Laut Google Search Central kommt es bei den meisten Website-Migrationen für vier bis acht Wochen zu vorübergehenden Traffic-Schwankungen. Während dieser Übergangsphase crawlt Google die alten URLs erneut und verarbeitet die neuen 301-Weiterleitungen. Stabilisieren sich die Rankings nach zwei Monaten nicht, deutet dies in der Regel auf einen technischen Fehler hin, wie beispielsweise Weiterleitungsschleifen oder eine fehlerhafte Sitemap.
Beeinträchtigt der Wechsel von HTTP zu HTTPS die Suchmaschinenoptimierung?
Nein, die Umstellung auf HTTPS wirkt sich nachweislich positiv auf das Ranking aus. Zwar kann es während der Verarbeitung der neuen, sicheren URLs durch Google zu geringfügigen Schwankungen von ein bis zwei Wochen kommen, doch eine korrekt durchgeführte Protokollmigration verbessert tatsächlich die Sicherheit Ihrer Website, das Vertrauen Ihrer Nutzer und Ihr langfristiges Rankingpotenzial.
Warum sollte ich 301-Weiterleitungen anstelle von 302-Weiterleitungen verwenden?
Bei Website-Migrationen müssen Sie 301-Weiterleitungen (permanent) verwenden, da diese 90–99 % der Linkstärke (Ranking-Potenzial) auf die neue Seite übertragen. Eine 302-Weiterleitung ist temporär und weist Google an, den Index nicht zu aktualisieren.
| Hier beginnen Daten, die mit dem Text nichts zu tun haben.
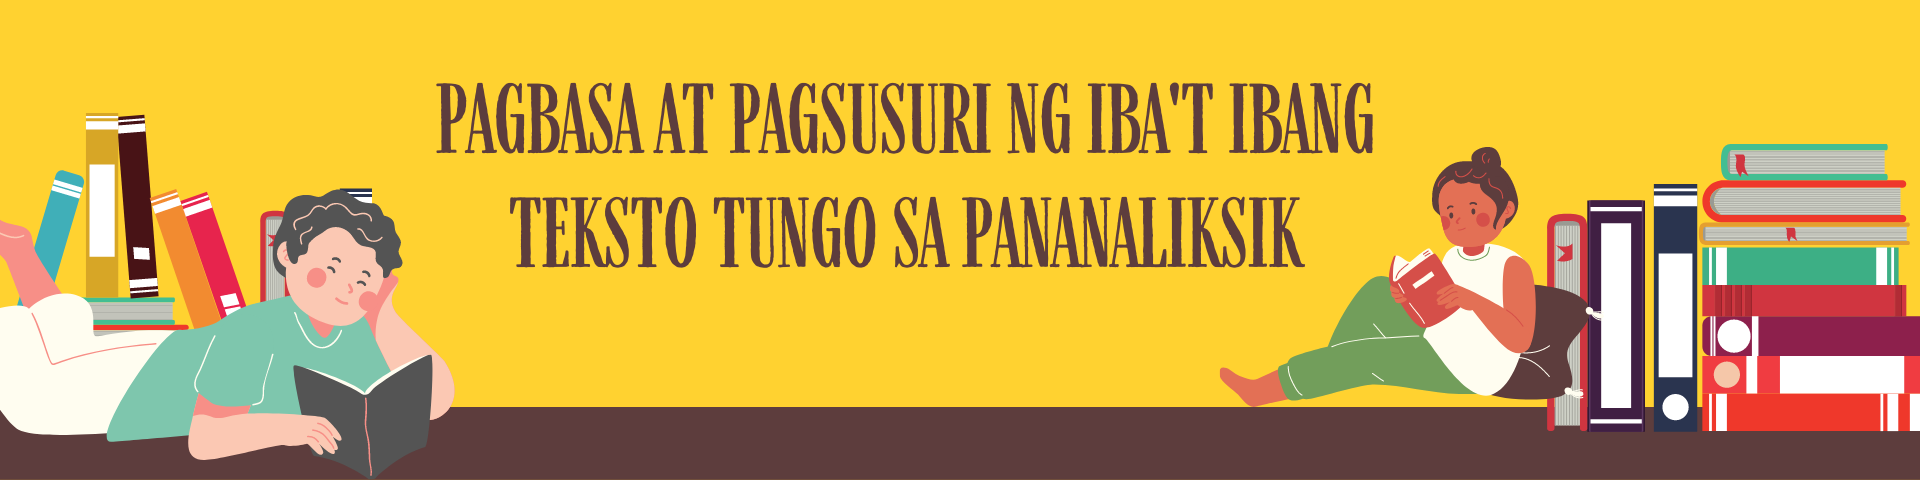 Pagbasa at Pagsusuri ng Iba't ibang Teksto tungo sa Pananaliksik
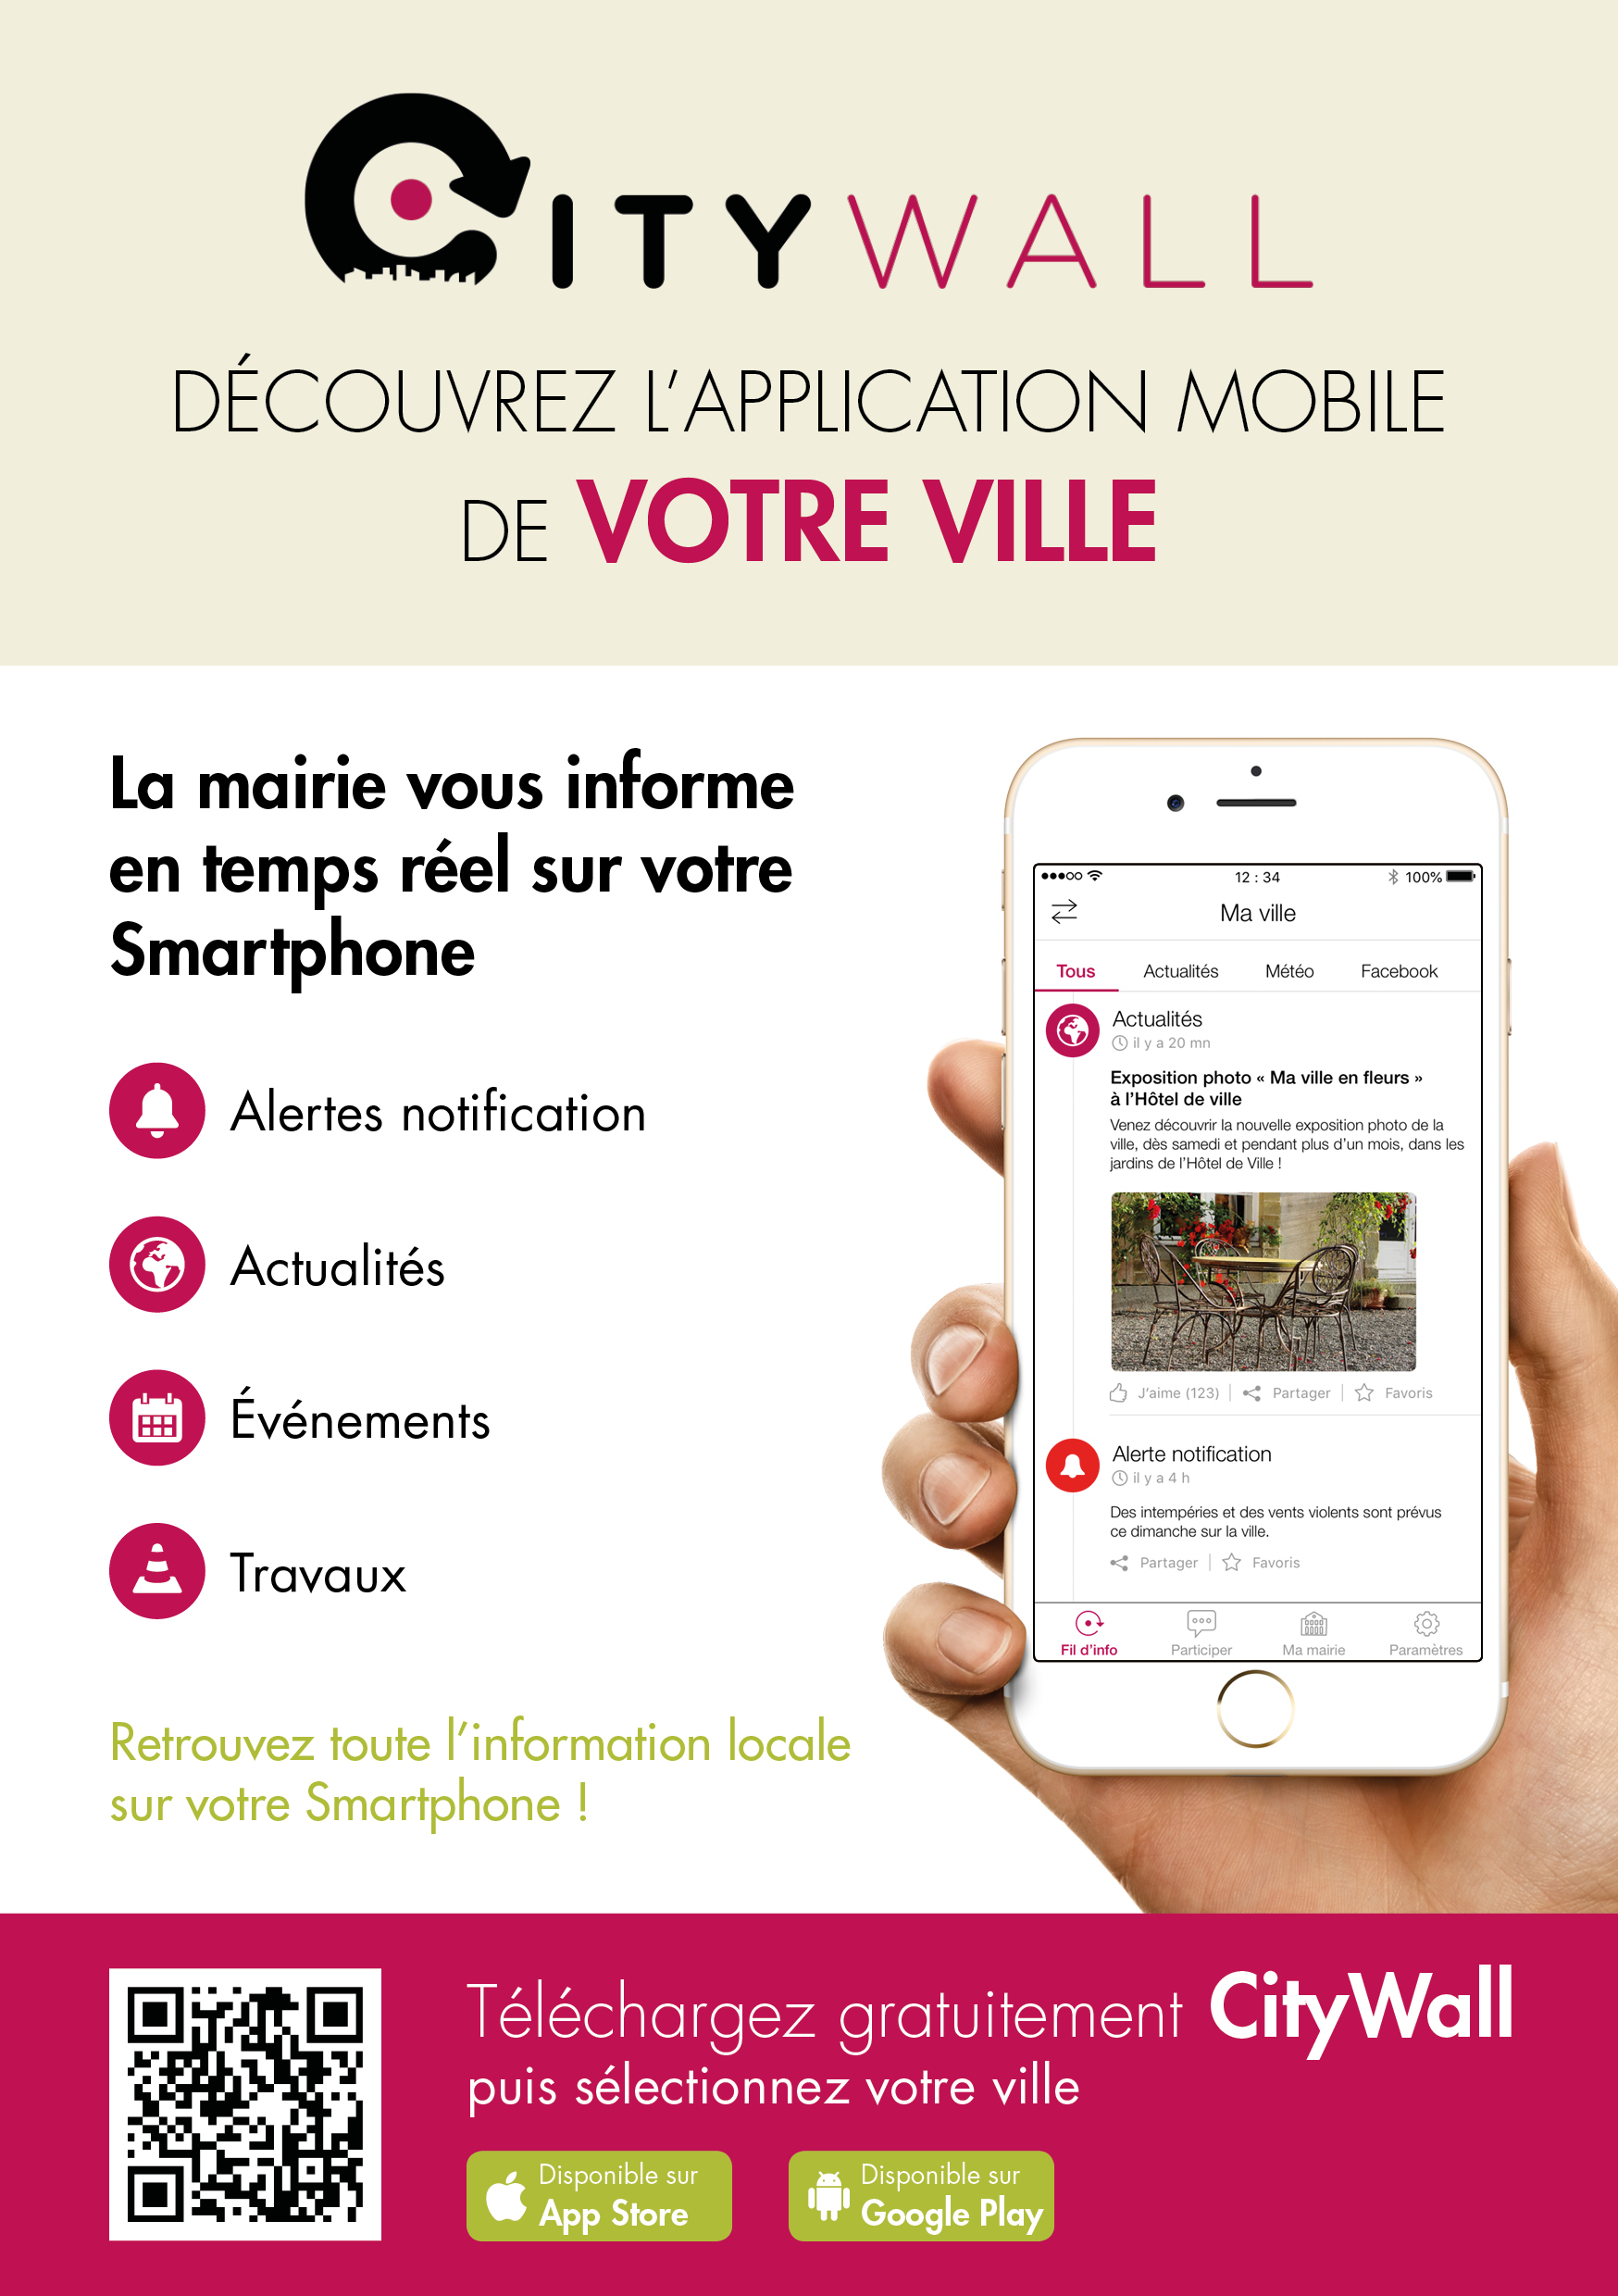 La mairie vous informe en temps réel sur votre Smartphone avec CITYWALL

Dies kann dazu führen, dass Ihre neuen URLs nicht in den Suchergebnissen erscheinen und Sie Ihren organischen Traffic vollständig verlieren.
Was ist das Google Search Console-Tool zur Adressänderung?
Das Tool „Adressänderung“ in der Google Search Console benachrichtigt Google, wenn Sie eine Website von einer Domain oder Subdomain auf eine andere umziehen. Dadurch kann Google das Crawling der neuen Website priorisieren und die Übertragung Ihrer Suchsignale optimieren, wodurch die Zeit, die Ihre Website während der Migration im unteren Bereich der Suchergebnisse verbringt, verkürzt wird.